Okay, so this is really the simplest model you can think of. So here we're showing what the resulting fit would look like. So the green line is the fit and we have these little arrows showing which are the closest observations. So just to be clear, if I'm somewhere in this input space, I have some number of square feet for my house. I'm gonna look for the closest observation and I'm gonna choose my predicted value for my house to be exactly the same as this other observation. So we can see that this leads to this idea of having local fits where these local fits are defined around each one of our observations. And how local they are, how far they stretch is based on where the placement of other observations are. And this is called one nearest neighbor regression.

Screenshot taken from Coursera 1:00

And this is really what people do naturally. So if you think of some real estate agent out there and you're selling your house, and the real estate agent wants to assess the value of your house. What are they gonna do? Well that agent is gonna look at all the other houses that were sold and is gonna say, well what's the most similar house to your house and how much did it sell for? So implicitly what this real estate agent is doing is looking for your nearest neighbor, which house is most similar to yours, and then is gonna assess the value of your house as being exactly equal to the sales price of this other house. That's the best guess that your real estate agent has for the value of your house and how much it's likely to sell for on the market.

Screenshot taken from Coursera 2:00

So let's formalize this nearest neighbor method a bit.

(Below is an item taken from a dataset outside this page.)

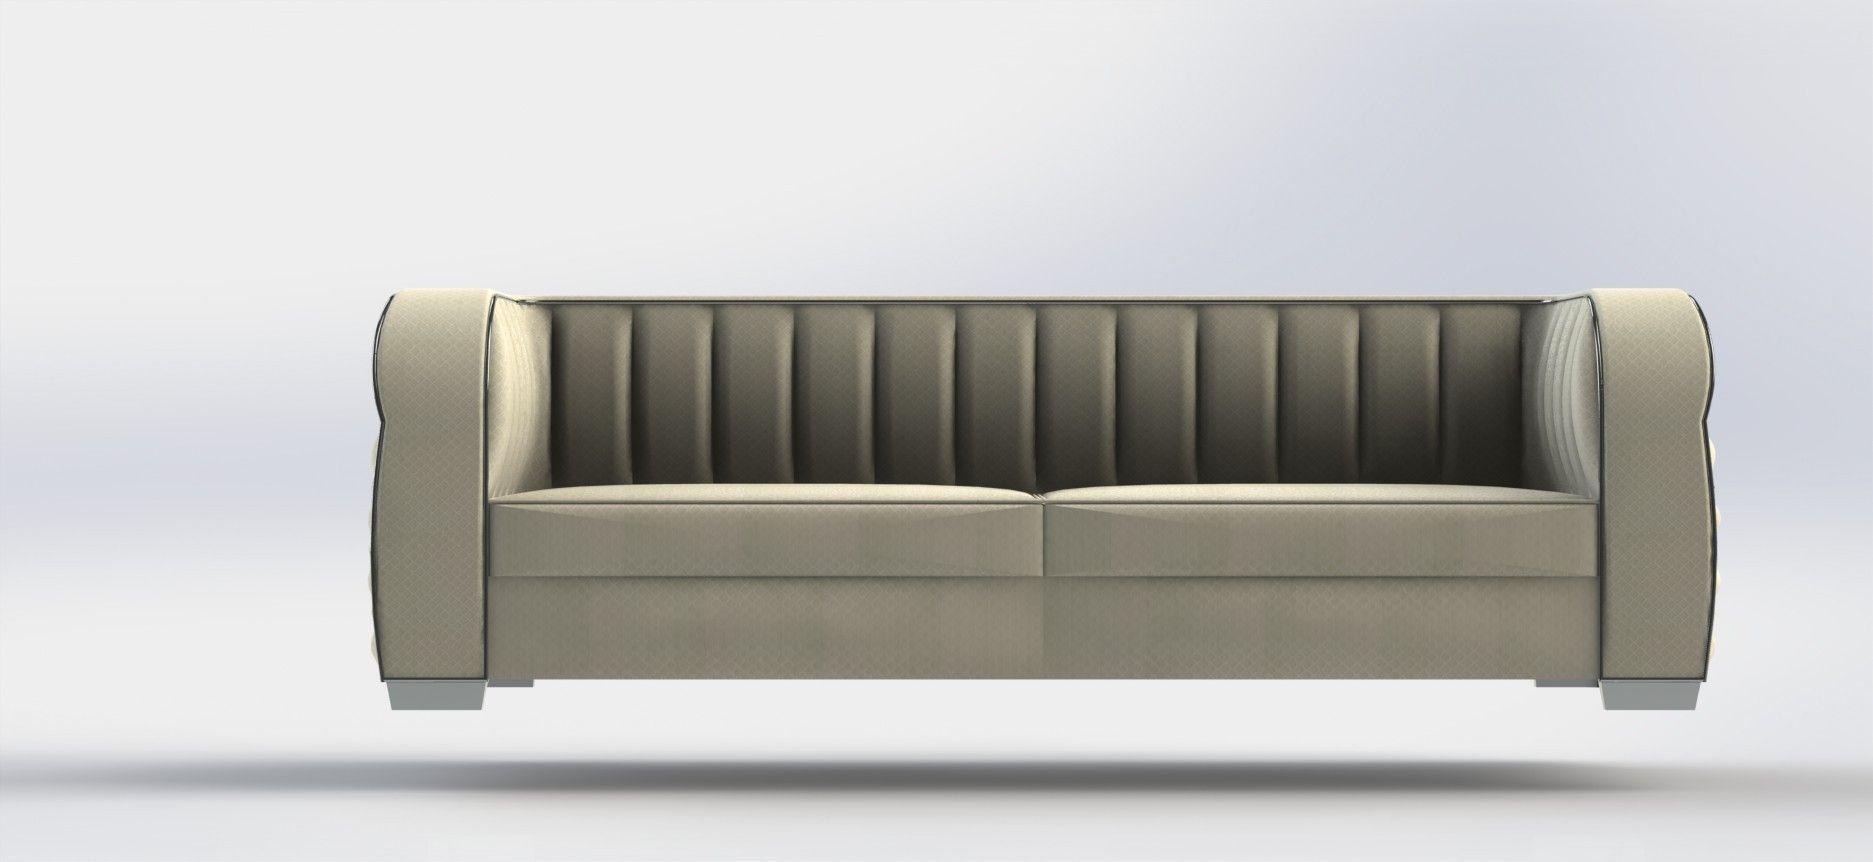 Art Deco Sofa Model Stl Sldprt Sldasm Slddrw Ige Igs Iges 4

  • We're gonna have some data set in our housing obligation. It's gonna be pairs of house attributes and values associated with each house, so the sales price of the house. And so we're gonna denote this as (x,y) for some set of observations, 1 to capital N. So this is what we assume our data set is.
  • And then we assume that we have some query house which is not in our training data set. So this is some point, $x_q$, this is our some house that we're interested in the value. And the first step of the nearest neighbor method is to find the closest other house in our dataset.
  • So specifically let's call our x nearest neighbor to be the house that minimizes over all of our observations, i, the distance between $x_i$ and our query house, $x_q$. So to be clear, in the picture we had on the previous slide, this x nearest neighbors would just be that big pink house.
  • Then what we're gonna do is we're simply gonna predict the value of our query house which is our big lime green house. To be exactly the value or the sales price of this big pink house.

And so just to be clear, let's say this was the square feet of our green house. We go, and what we're gonna do is we're gonna look for our nearest neighbor. We search along square feet and say, which house has the most similar square feet to mine? Happens to be this house, this is our pink house. Which will be, if there's space I'll just write it here, x nearest neighbor. And then we say, what is the value of that house, which is how much it sold for y, nearest neighbor. And that's exactly what we're gonna predict for our query house.

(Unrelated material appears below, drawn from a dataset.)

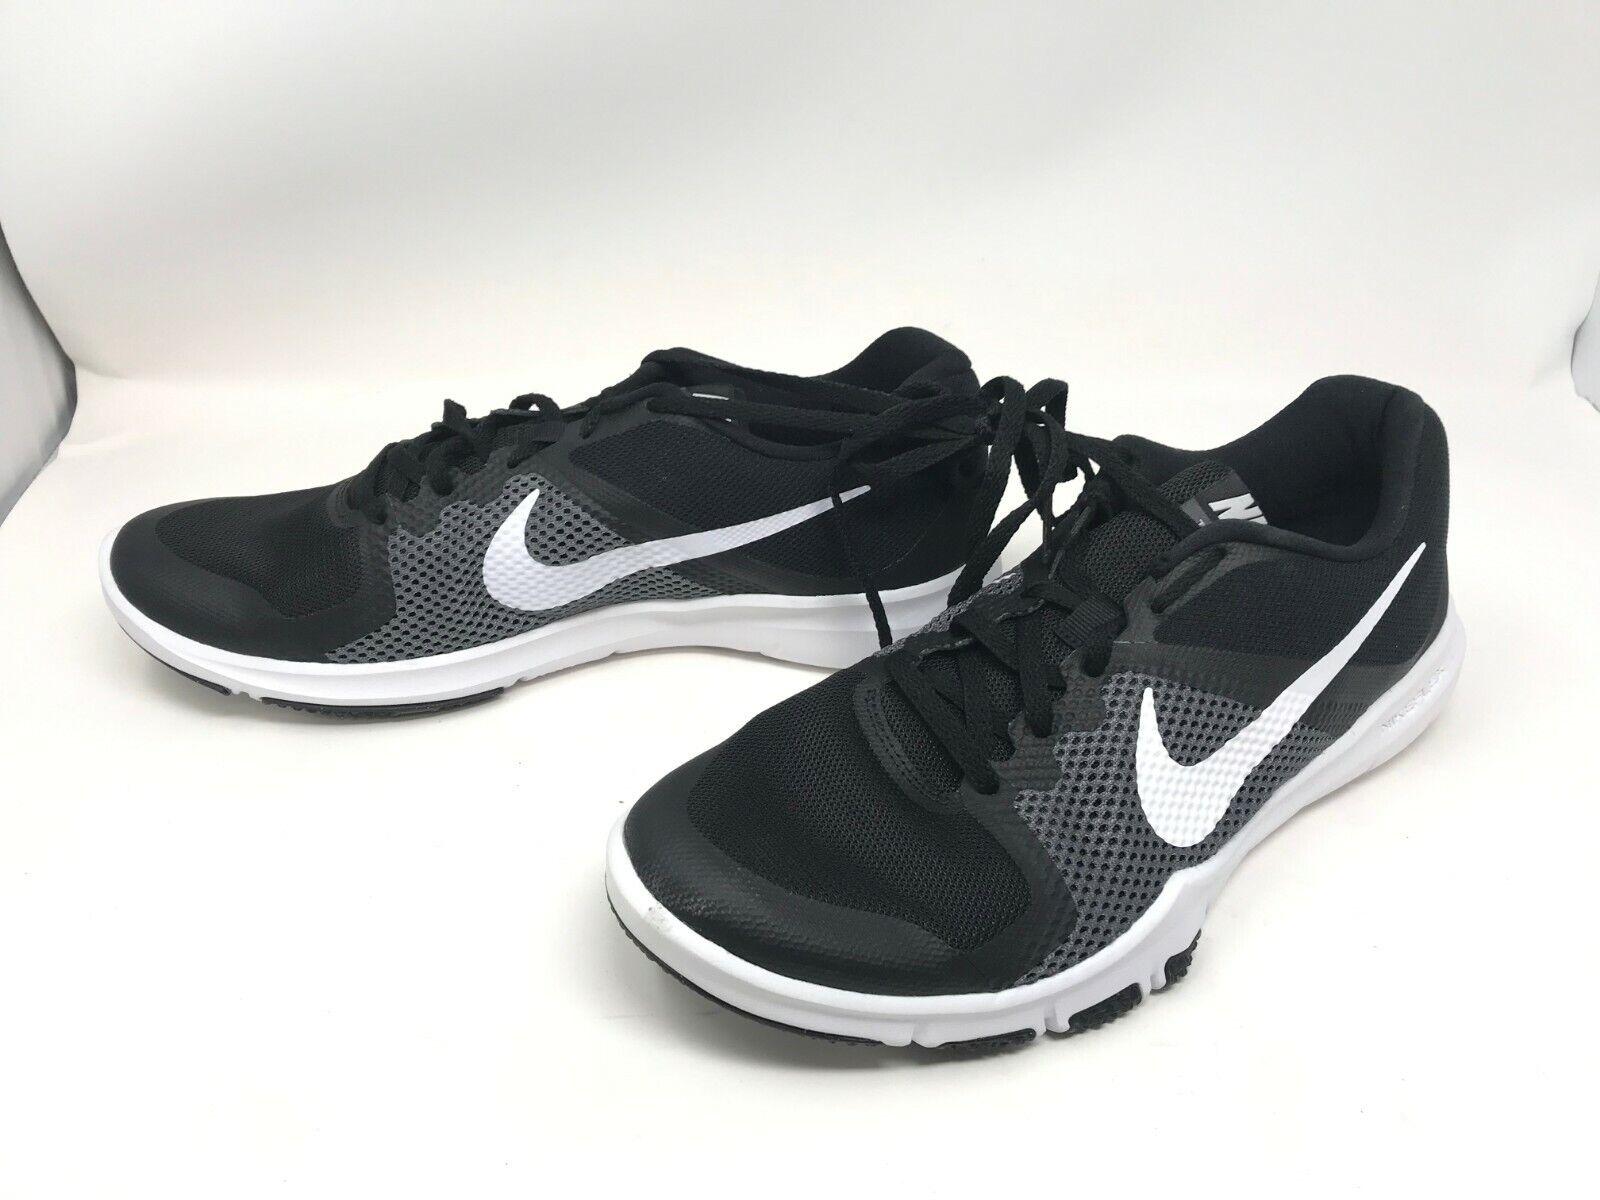 Mens Nike Nike Nike (898459-010) Flex Control Cross Trainer shoes (28N) 753c73

Screenshot taken from Coursera 4:00

But first, let's talk about what one nearest neighbor looks like in higher dimensions because so far, we've assumed that we have just one input like square feet and in that case, what we had to do was define these transition points. Where we go from one nearest neighbor to the next nearest neighbor. And thus changing our predicted values across our input space square feet. But how do we think about doing this in higher dimensions?

Well, what we can do is look at something that's called a Voronoi diagram or a Voronoi tessellation. And here, we're showing a picture of such a Voronoi tessellation, but just in two dimensions, though this idea generalizes to higher dimensions as well. And what we do is we're just gonna divide our input space into regions. So in the case of two dimensions, they're just regions in this two dimensional space. So I'm just gonna highlight one of these regions. And each one of these regions is defined by one observation.

And what defines the region is the fact that any other point in this region, let's call it x. Let's call this xi, and this other point some other x. Well, this point x is closer to xi, let me write this. So x closer to xi than any other xj, for j not equal to i. Meaning any other observation.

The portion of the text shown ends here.